Stored items:
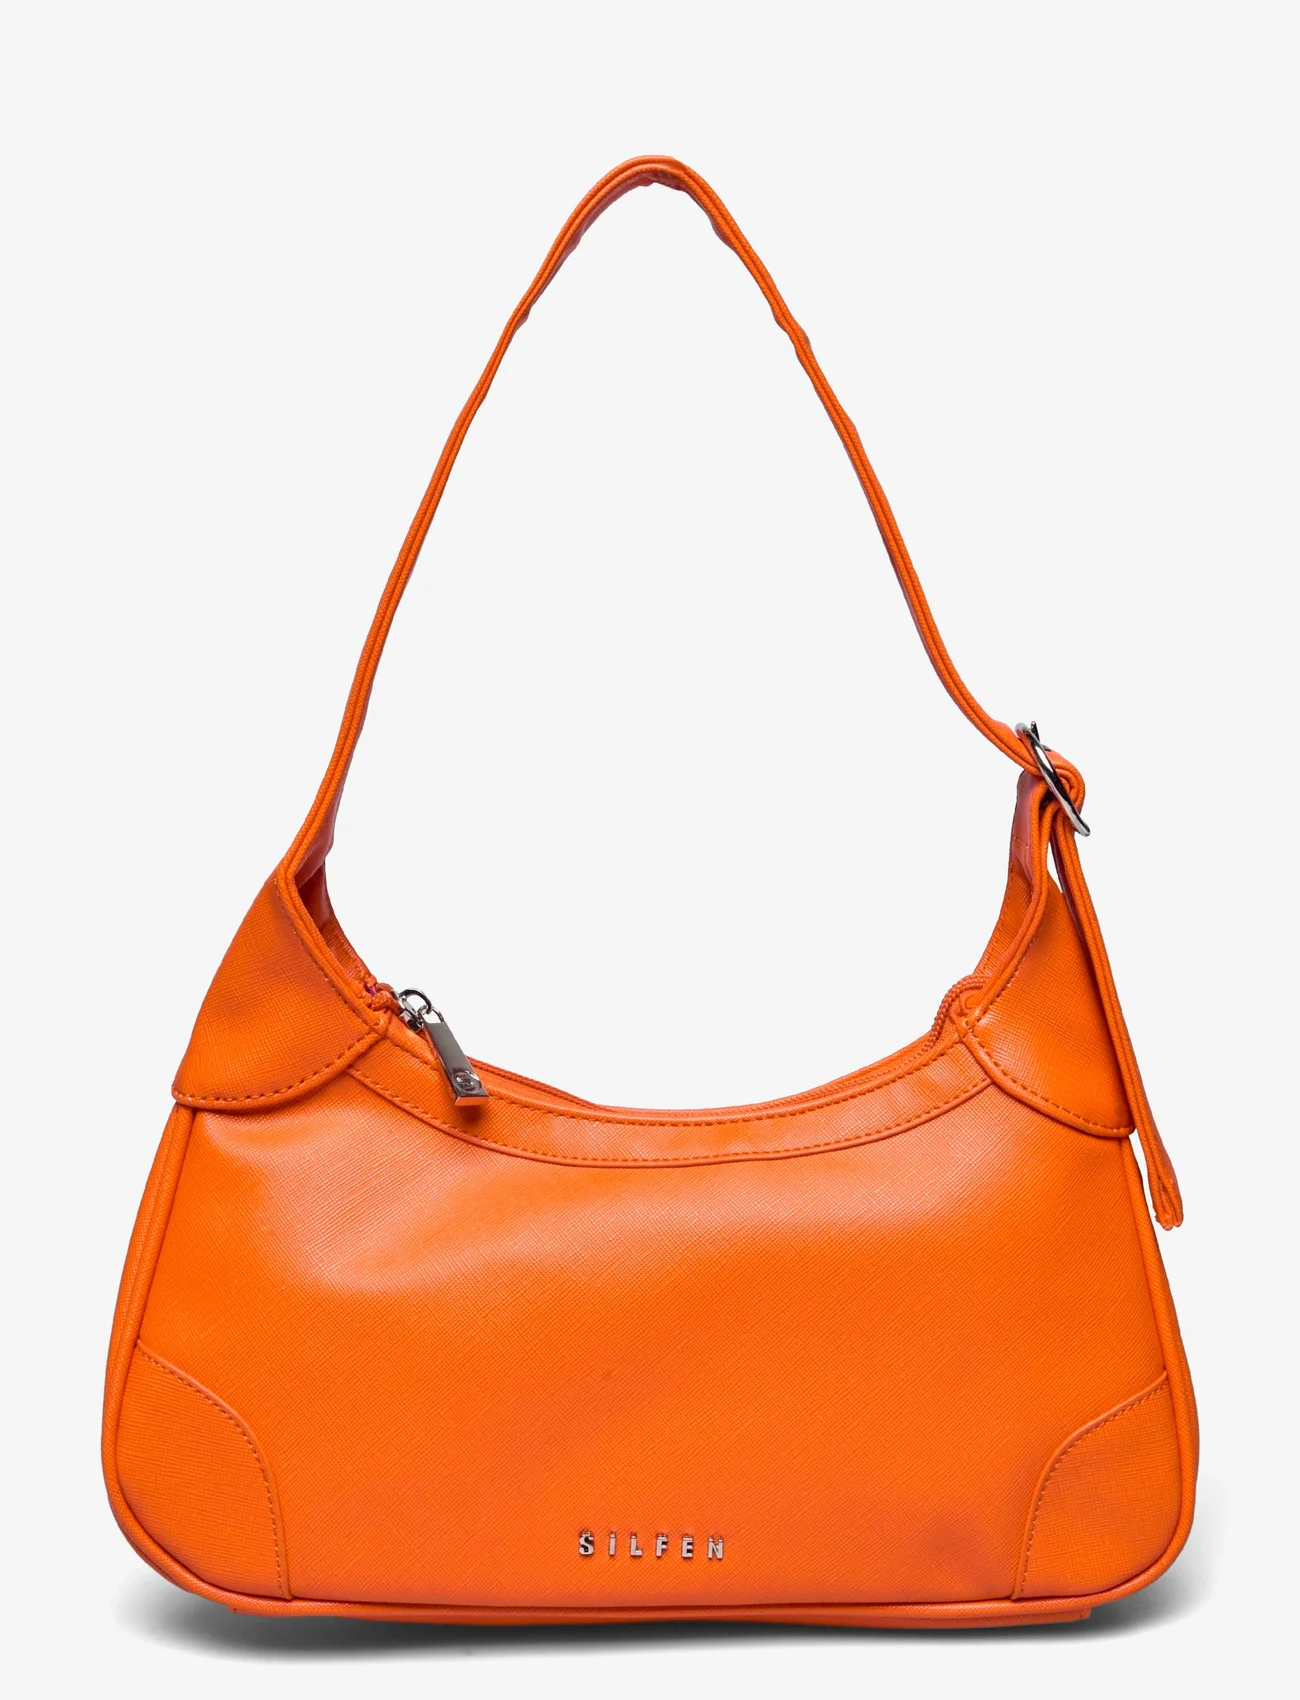 Silfen - Shoulder Bag Thora - odzież imprezowa w cenach outletowych - peachy orange - 0
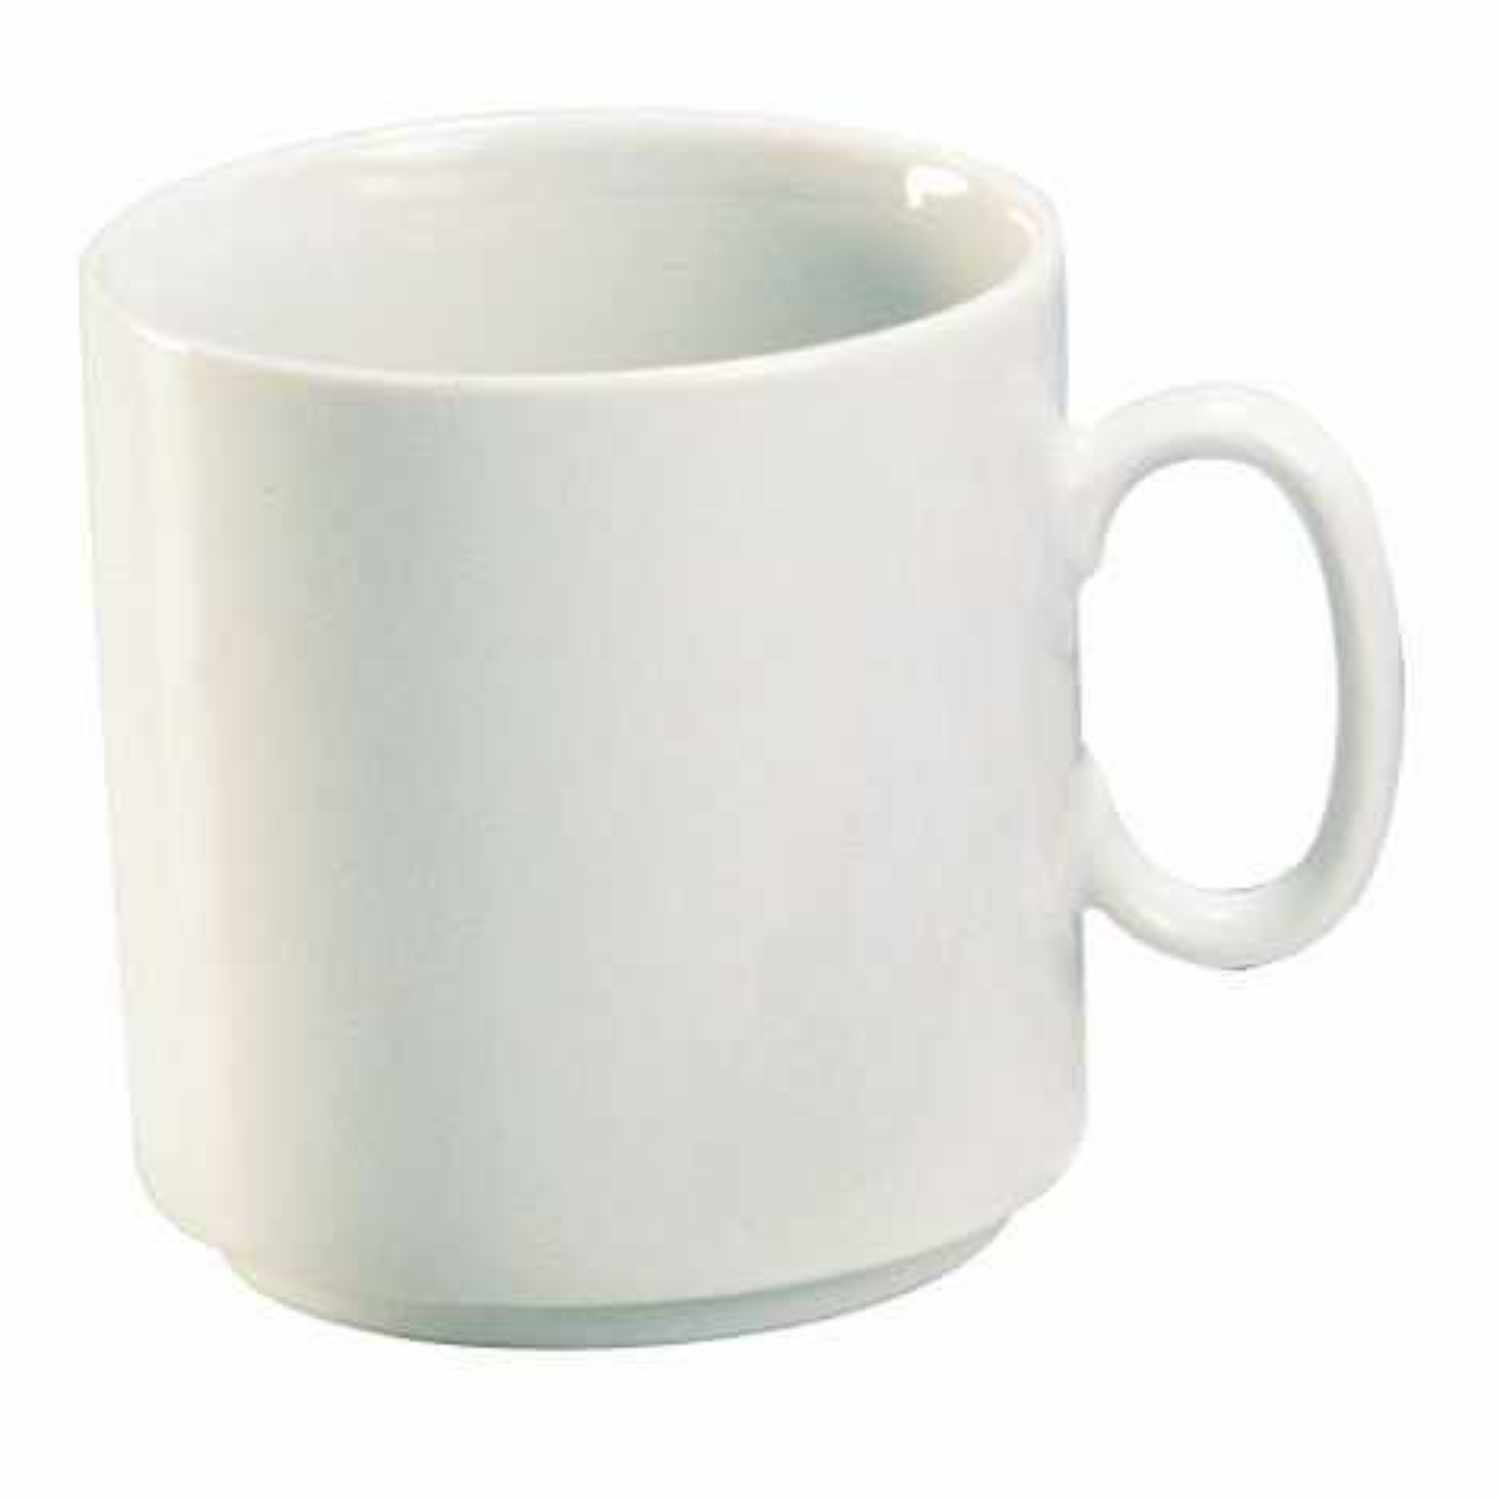 Porzellan-Tasse weiß
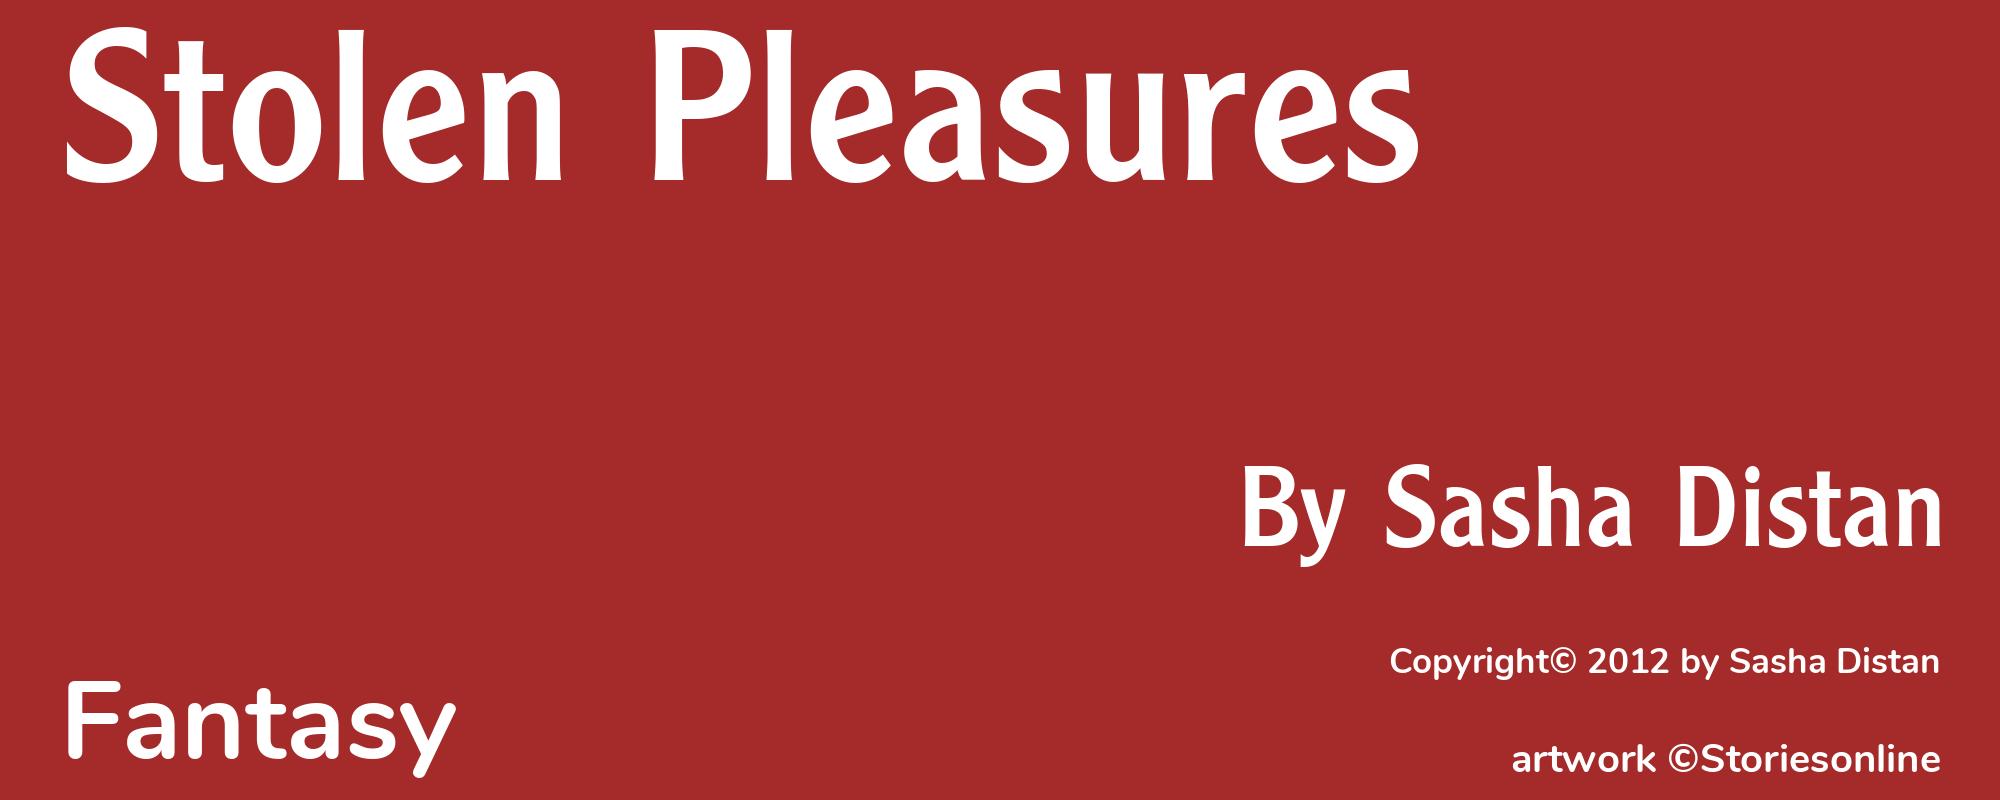 Stolen Pleasures - Cover
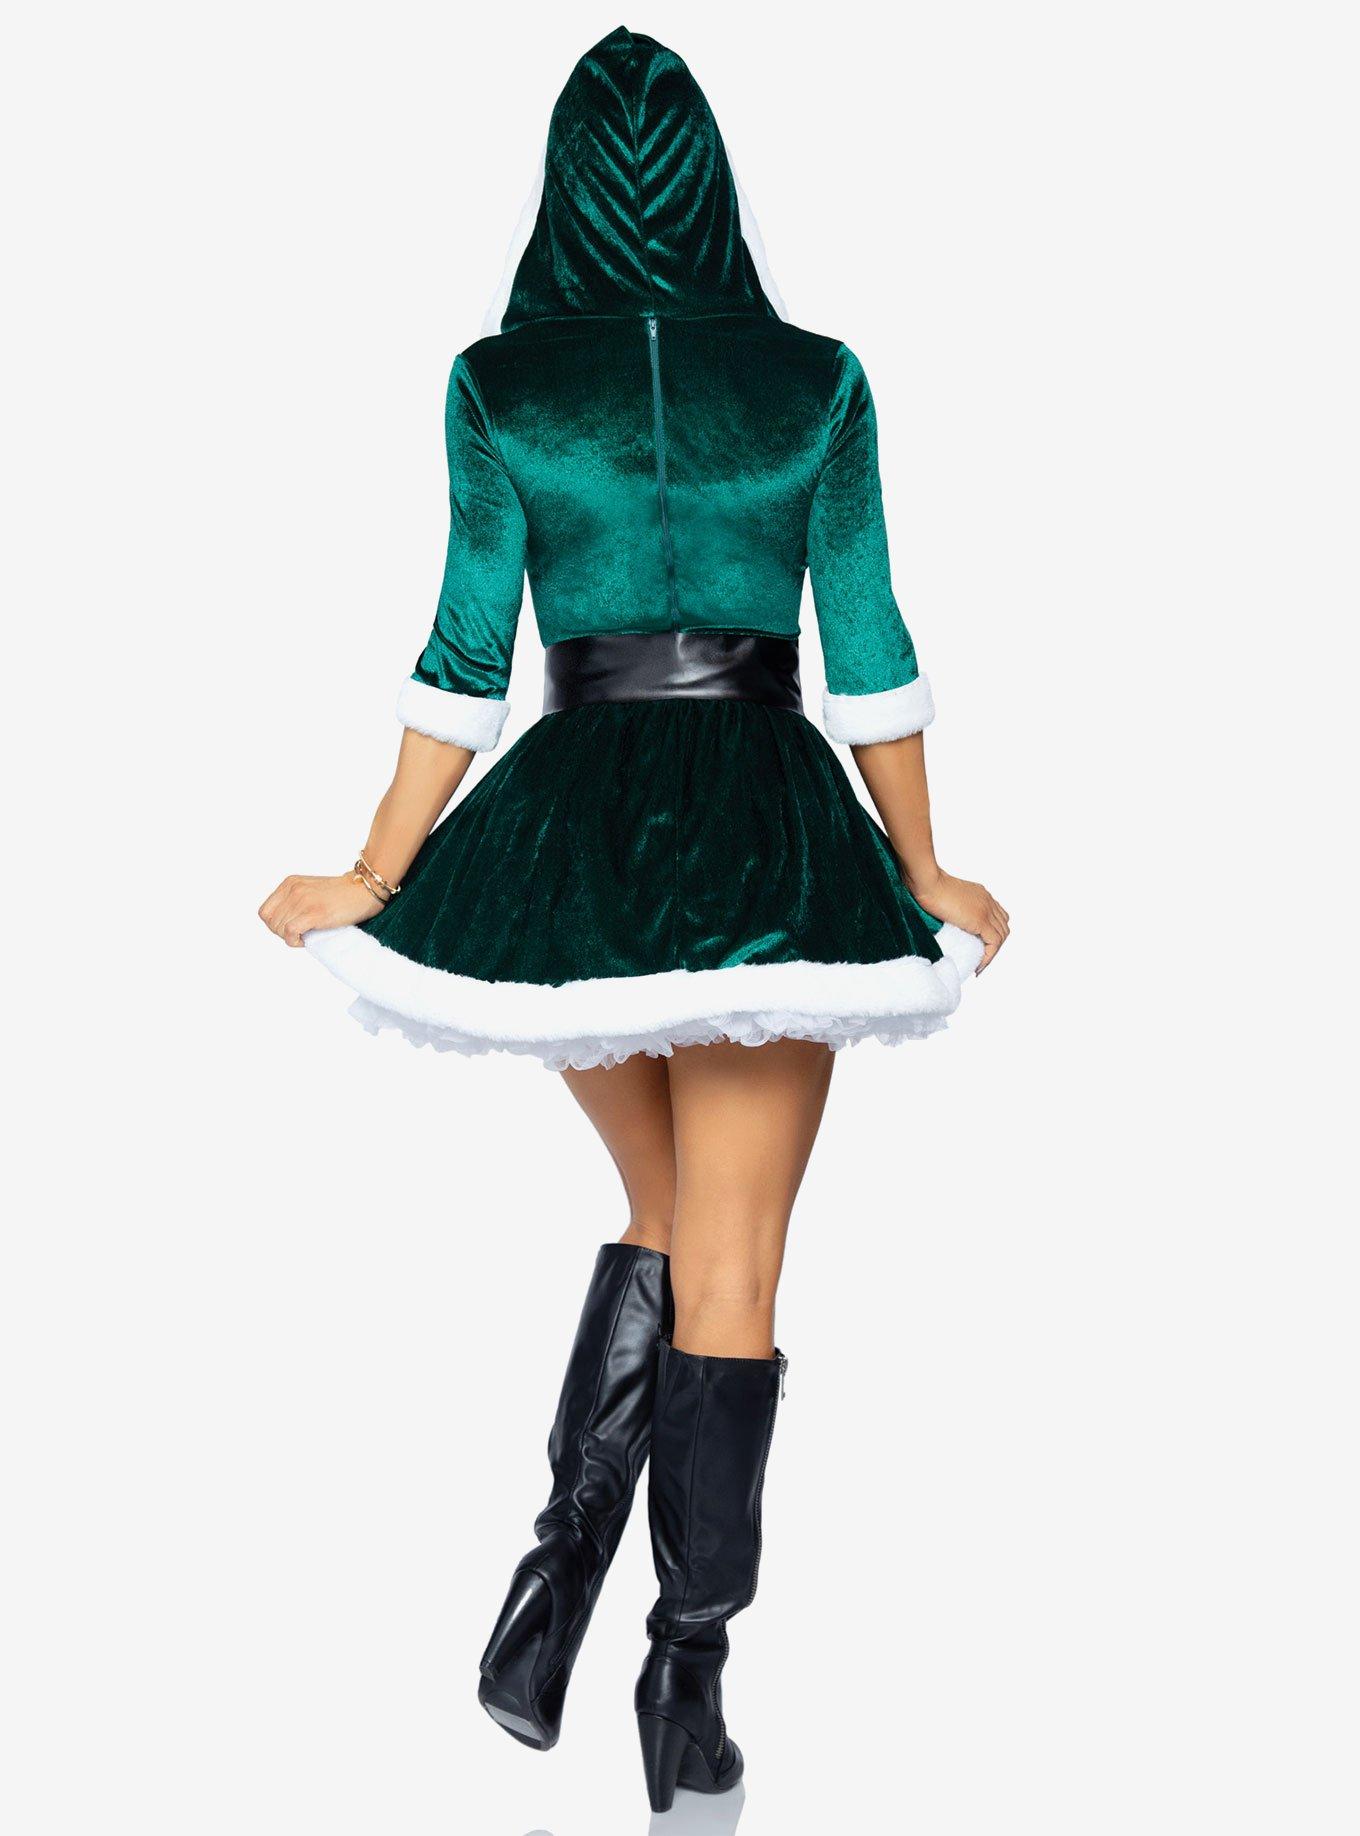 Mrs. Claus Costume Velvet Hooded Dress with Belt Green, GREEN, alternate
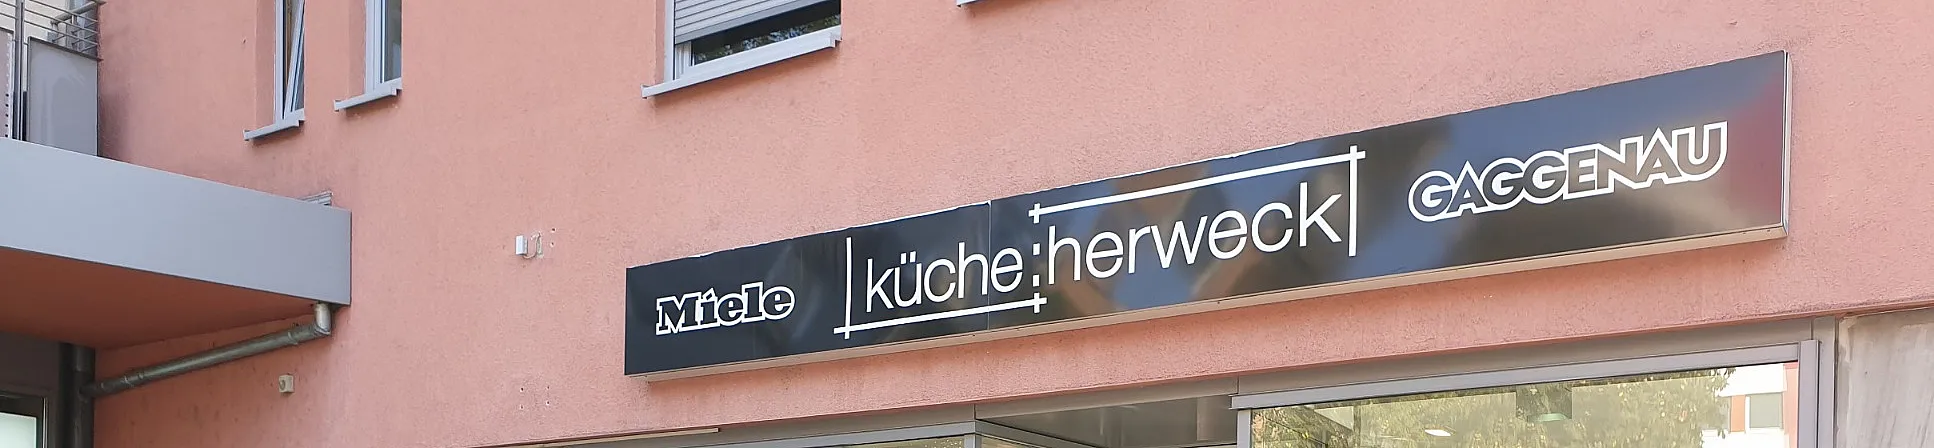 kueche-herweck-top-banner

Problem to work on: Output exactly the lines from the one containing "Porzellan-Tasse weiß" through the last line of the records above, both included, leaving out any pictures.

Output for this task:
 Porzellan-Tasse weiß
 Stolen Pleasures - Cover
 Mrs. Claus Costume Velvet Hooded Dress with Belt Green, GREEN, alternate
 kueche-herweck-top-banner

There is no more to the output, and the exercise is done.